Falls are one of the most common causes of injury in the country. According to the National Safety Council, more than 8.8 million people were treated in emergency departments for fall-related injuries in 2023, making falls the leading cause of nonfatal injury for nearly every age group. When a property owner ignores a known hazard, the people who get hurt are the ones who pay for it.

Georgia Premises Liability Law

Property owners in Georgia have a legal duty to keep their property reasonably safe. Under O.C.G.A. § 51-3-1, a property owner who invites people in must use ordinary care to keep the premises and their approaches safe.

That word “approaches” matters: the duty does not stop at the front door. It extends to parking lots, sidewalks, ramps, stairs, and the walkways leading to a property. If you were injured by a hazard the owner should have addressed, our premises liability team can help you determine who is responsible.

Invitees, Licensees, and Trespassers

Not every visitor to a property is owed the same level of care under Georgia law. The duty an owner owes you, and how strong your claim is, depends on why you were on the property in the first place. Georgia sorts visitors into three groups:

  • Invitees: People on the property for the owner’s benefit, such as store customers, restaurant diners, hotel guests, and tenants. Owners owe invitees the highest duty: to inspect for hazards, fix them, or warn about them.
  • Licensees: People present for their own purposes with the owner’s permission, who are neither a customer, a servant, nor a trespasser.
  • Trespassers: People on the property without permission. Owners generally owe only a duty not to willfully or wantonly injure them.

Common Slip-and-Fall Hazards

A slip-and-fall can happen almost anywhere an owner lets a hazard go unaddressed. What ties these cases together is not the kind of hazard but how the owner handled it – a spill becomes a legal problem when staff knew about it, or should have, and did nothing before someone got hurt.
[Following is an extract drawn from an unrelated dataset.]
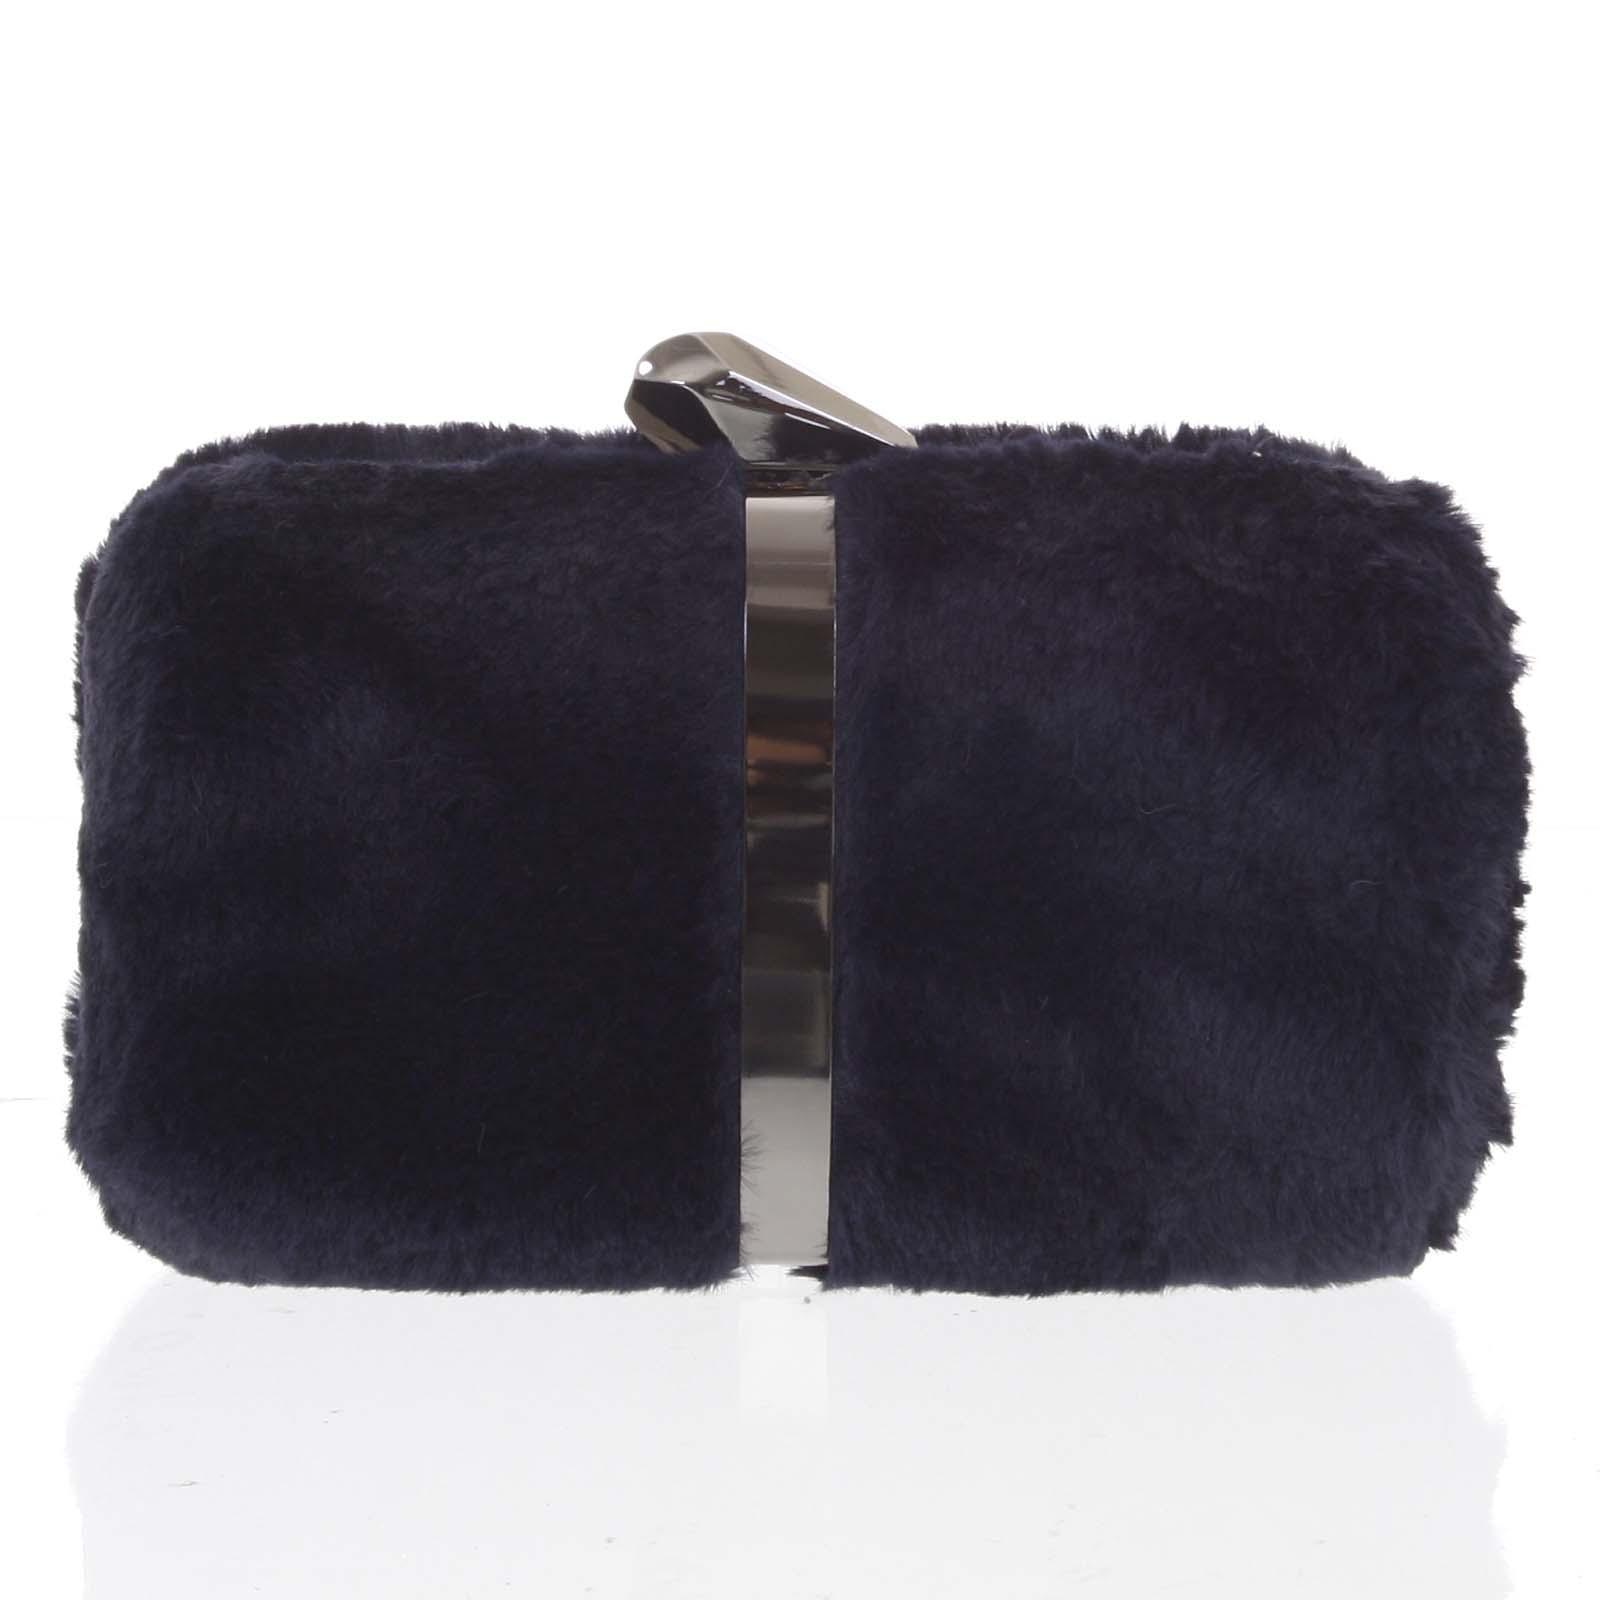 Originálna dámska tmavomodrá plyšová listová kabelka - Delami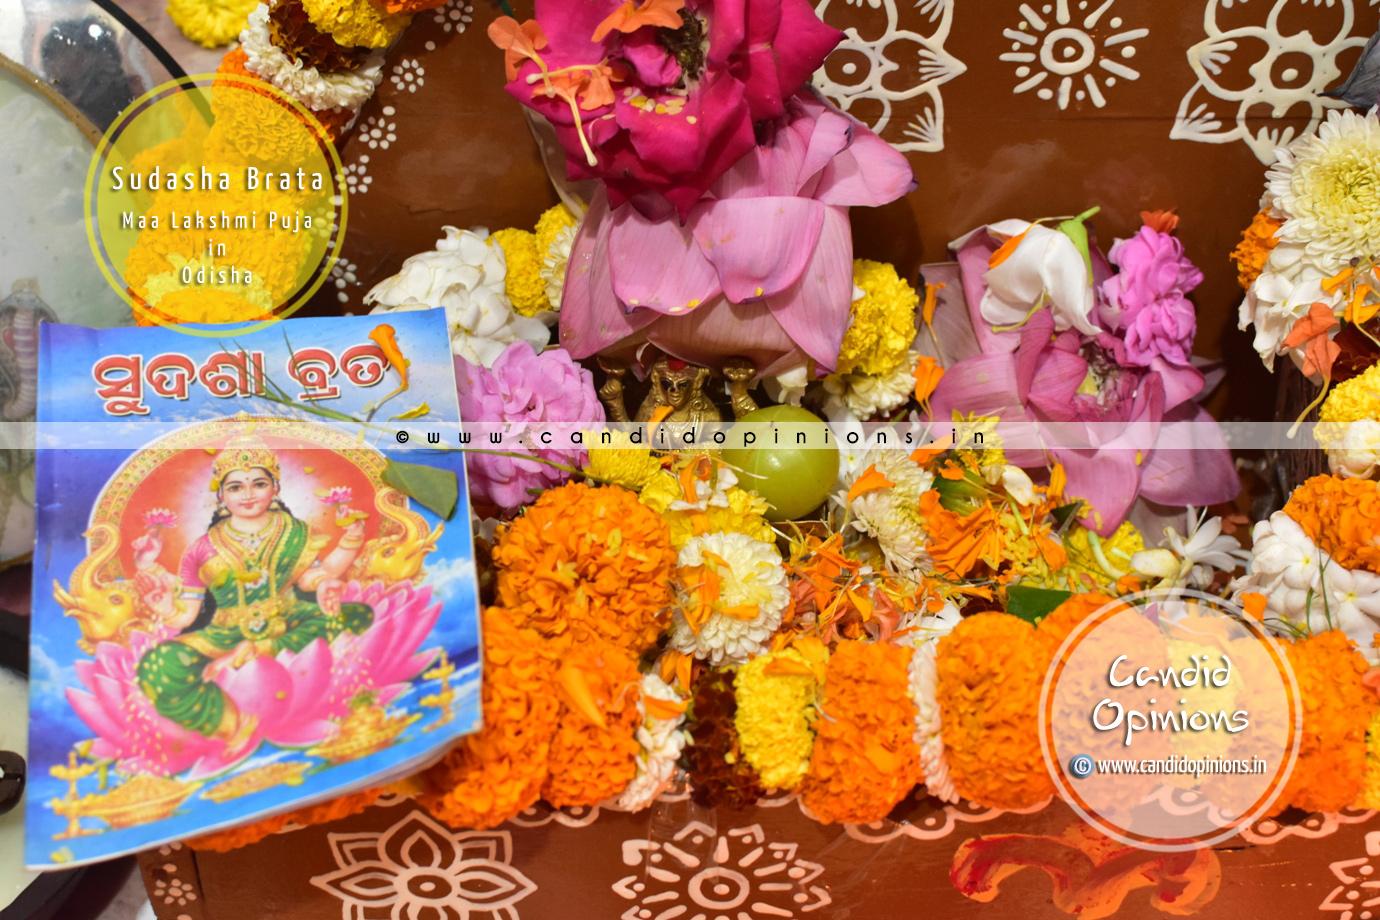 Sudasha Brata - A Fast Observed By Women In Odisha For The

Common examples include:

  • Wet, slippery, or sticky floors and spilled food or drinks
  • Loose carpeting, tile, or floor mats
  • Uneven floor edges, cracked or crumbling pavement, and potholes
  • Steps that blend into a walkway, or broken or unmarked stairs
  • Broken handrails or railings
  • Inadequate lighting
  • Cluttered walkways and tripping hazards
  • Defective or damaged ladders and scaffolding
  • Malfunctioning escalators or elevators
  • Ice that forms when water freezes on a sidewalk or in a parking lot
  • Nursing home and assisted-living falls

Local conditions add their own risks. In Savannah’s historic district, older brick sidewalks and uneven cobblestone catch visitors off guard every day. Across metro Atlanta, retail centers, restaurants, apartment complexes, and parking decks see frequent wet-floor and stairway falls. And when a winter storm moves through north Georgia, untreated walkways and lots can turn dangerously slick within hours.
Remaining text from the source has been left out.